実家の片づけをしようと思う方は、ほんとうにやさしい方だなあと思います。
今は自分ひとりでも食べていくのがたいへんな時代。
美しくもありたいのでおしゃれや美容院、エステも必要。
出世のための仕事のスキルアップも必要だし、おまけに子育てなど大忙しのなか、親の家を片づけようと思う人は、本当にいい人です。
実は、親が大事に大事にとっておく物の中でも、親に快適に暮らしてほしいと願う、やさしい娘、息子ほど捨てられない物があります。
それは、娘、息子に関する小さいころの思い出です。
作文、日記、写真、通知表はもちろん、小さいころにかいた絵、習い事していたそろばんやサッカーのボール。
昔つくったプラモデルに、ランドセル、弾けないピアニカ。
娘さんや息子さんがすっかり忘れていた工作、賞状が、押入れに押し込まれていませんか。
子世代にとってはゴミみたいなものでも、親御さんにとっては、捨てられないものです。
なかには、実家を片付けたいと思っている、やさしい娘・息子ほど、といいたくなるようなガラクタも、必ず混ざっています。
子ども自身もいろいろ思いだされます。
しみじみ、見てしまう子どものほうが多いです。
あるいは、子世代にしては、忙しいなか、片づけにきたのですから、早く片付けたくても、
「こんなものとっておいて!」というのはNG.
もちろん、大切な物は、無理に捨てる必要はありません。
通知表や写真など、そもそもカンタンにすてられるものではないのです。
とっておくのなら、きちんと出せる場所に、箱などに入れてラベリングして思い出は思い出として、選んでとっておきます。

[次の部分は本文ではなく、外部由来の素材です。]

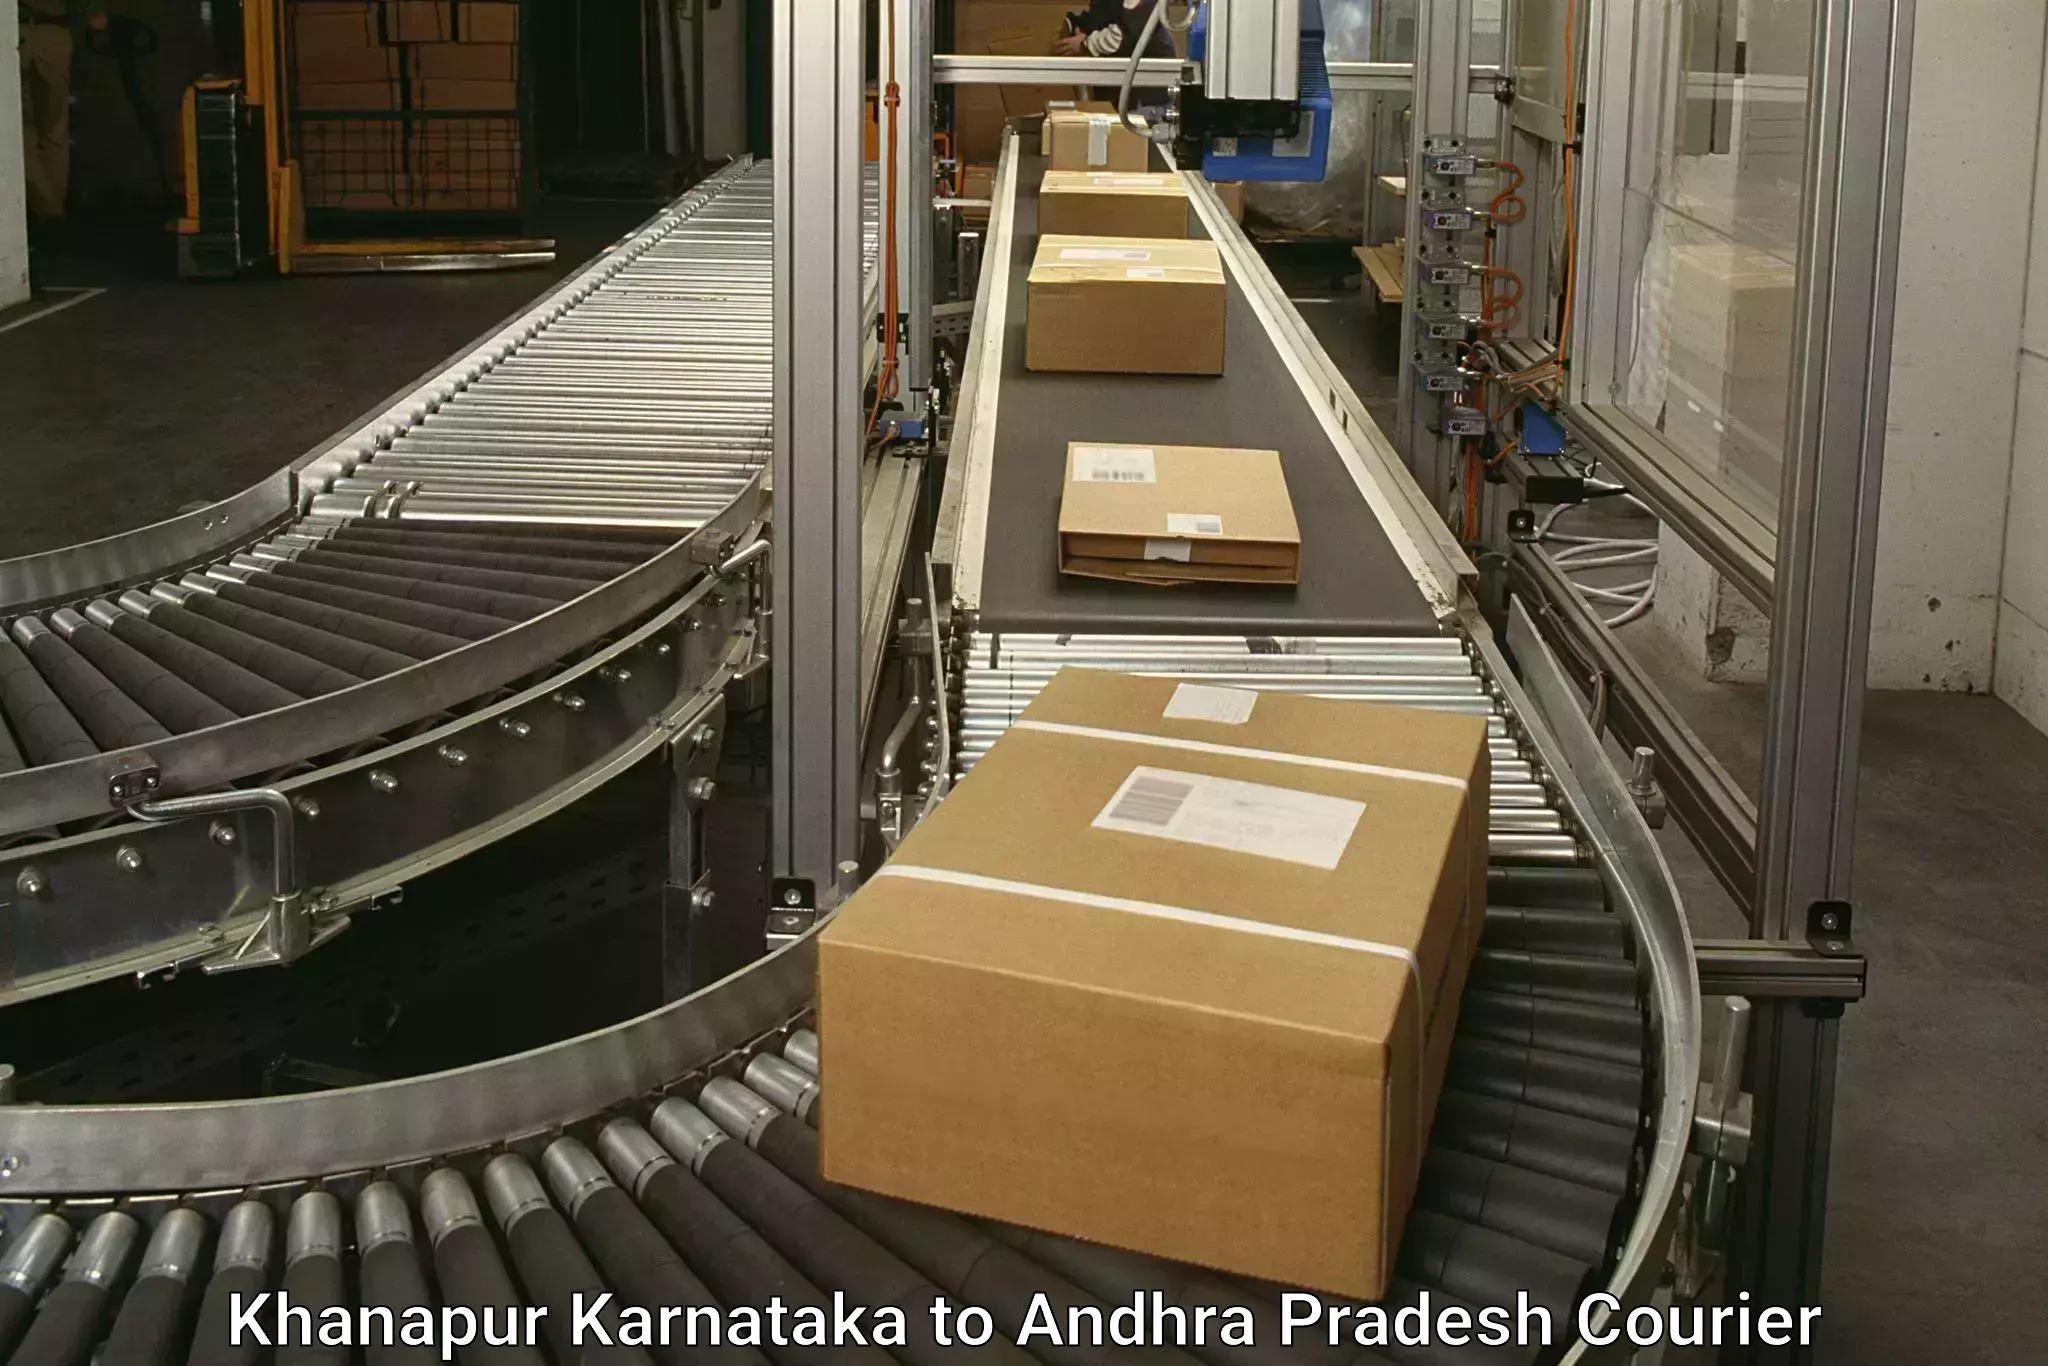 Large package courier Khanapur Karnataka to Andhra Pradesh

年間best10とか、そんなふうに選んでもいいでしょう。
思い出は取り出せてこそ、物として生きてきます。
見たいときにささっと出せるようにしておきましょう。
もちろん、親御さんと話をしながら片づけていきます。
超思い出と、2番目の思い出というように、格付けをしてくださいね。
かびがはえていたり、汚れていたり、捨ててもいいモノがあれば、あとで後悔しないために、儀式のように写真にとってから捨てるのもいいですね。
一番危険なのは、押入れなどに戻してしまうこと。それは、ひょっとするとそれはやさしさではなく、単なる子世代に面倒な気持ちかもしれませんから、注意してください。
押入れにつっこんだら、また何か月後かに片づけるときに、感慨にひたり、また見直して同じ位置にもどしておしまい、と、なりかねないのです。
高い飛行機代を払って帰省したのに、半年前とまったく片づけの進展なし、なんて人もいらっしゃいます。
思い出には、甘いものがありますが、危険な片づけの罠が隠れているのです。
くりかえしになりますが、格付けしながら、分けてしまうのがポイント。無理に捨てようとすると、かえって後悔が助長するだけです。
せっかくの機会ですから、仕分けをしながら、親御さんと会話をしながら片づけていく機会にできるといいですね。